= Robert H. Sharf =

Robert H. Sharf is a Canadian scholar of Buddhism and East Asian religions, currently serving as D. H. Chen Distinguished Professor of Buddhist Studies in the Department of East Asian Languages and Cultures at the University of California, Berkeley. He is also Founder and Chair of Berkeley's Numata Center for Buddhist Studies.

== Biography ==
He was born in Toronto, Canada. Sharf earned a B.A. in Religious Studies in 1979 and an M.A. in Chinese Studies in 1981 from the University of Toronto. He pursued his doctoral studies in Buddhist Studies at the University of Michigan, receiving his Ph.D. in 1991. During his doctoral training, Sharf spent time as a research fellow at Kyoto University (1985–1987), affiliated with the Institute for Research into the Humanities (Jinbun Kagaku Kenkyūjo). He began his academic teaching as a lecturer (1989–1990) and assistant professor (1990–1994) at McMaster University, and associate professor in the Department of Asian Languages and Cultures at the University of Michigan (1995–2003). At Michigan he held the Arthur F. Thurnau Professorship from 2002 to 2003.

At the University of California, Berkeley, Sharf holds the D. H. Chen Distinguished Professorship in Buddhist Studies and founded the Center in 2004. He has served as Chair of the Center since its founding and will continue in this role until 2026, when he is scheduled to step down.

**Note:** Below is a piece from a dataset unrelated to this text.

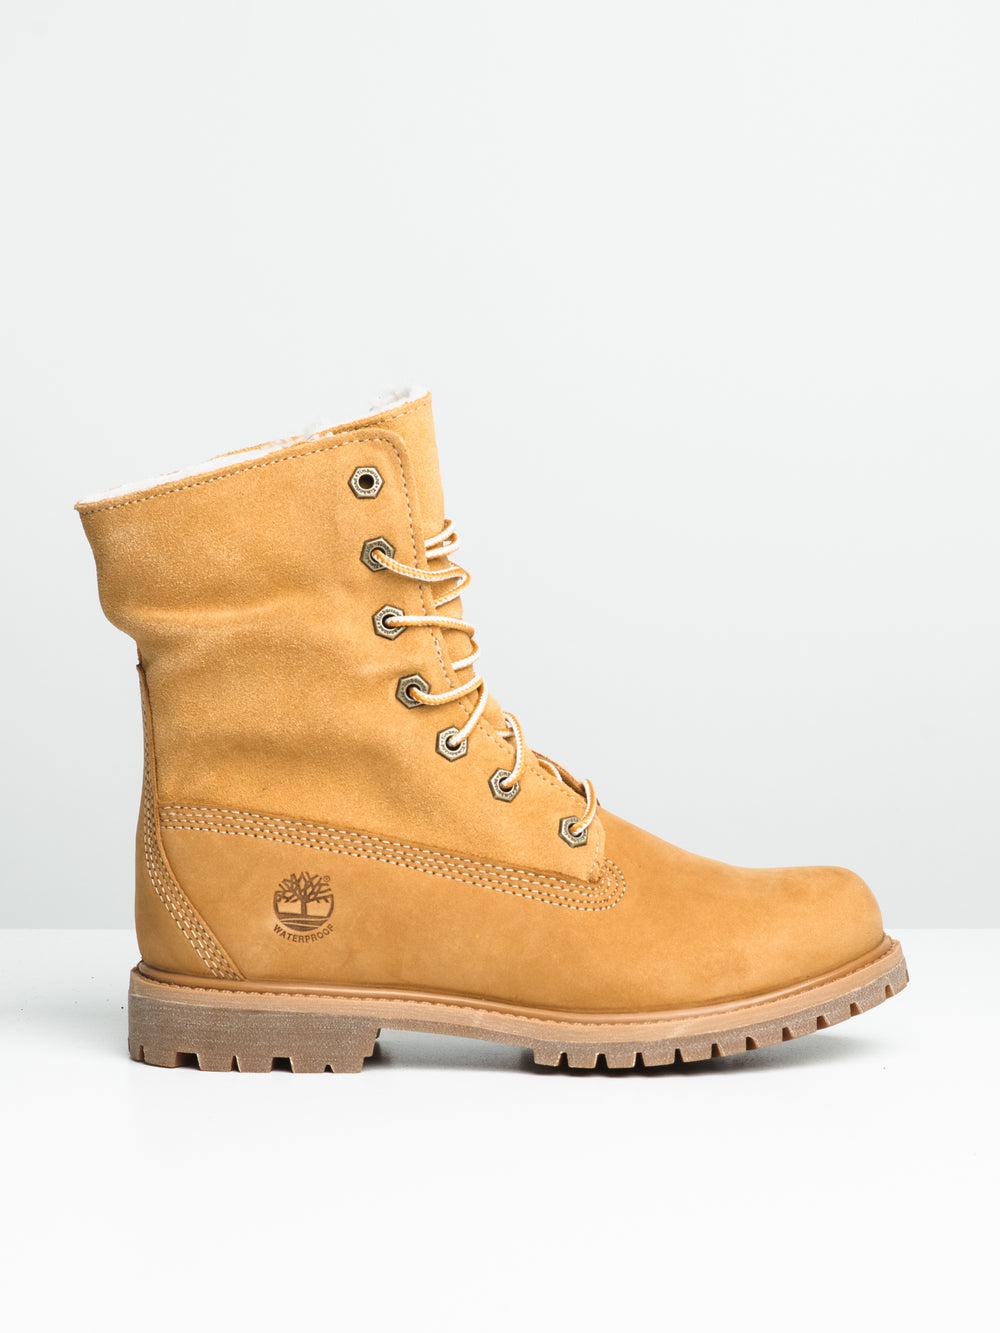 Timberland Boots for Women | Shoe Carnival

== Research and scholarly work==
Sharf's scholarship is centrally concerned with medieval Chinese Buddhism particularly Chan/Zen and with the ritual, institutional, artistic, and philosophical contexts that shape East Asian Buddhist traditions. His research repeatedly challenges reductive or ahistorical readings of Buddhism, arguing instead for close attention to texts, liturgy, monastic institutions, and the rhetorical uses of doctrinal categories. Sharf combines philological reading of primary sources with ethnographic and ritual studies methods, and his work is marked by an insistence that interpretive claims about Buddhism be grounded in historically situated evidence.

A recurring theme in Sharf's writing is a critique of what has been called “Buddhist modernism.” He has shown how modern and Western conceptual frameworks—especially those that valorize interior, private experience have shaped both popular and academic understandings of Buddhism.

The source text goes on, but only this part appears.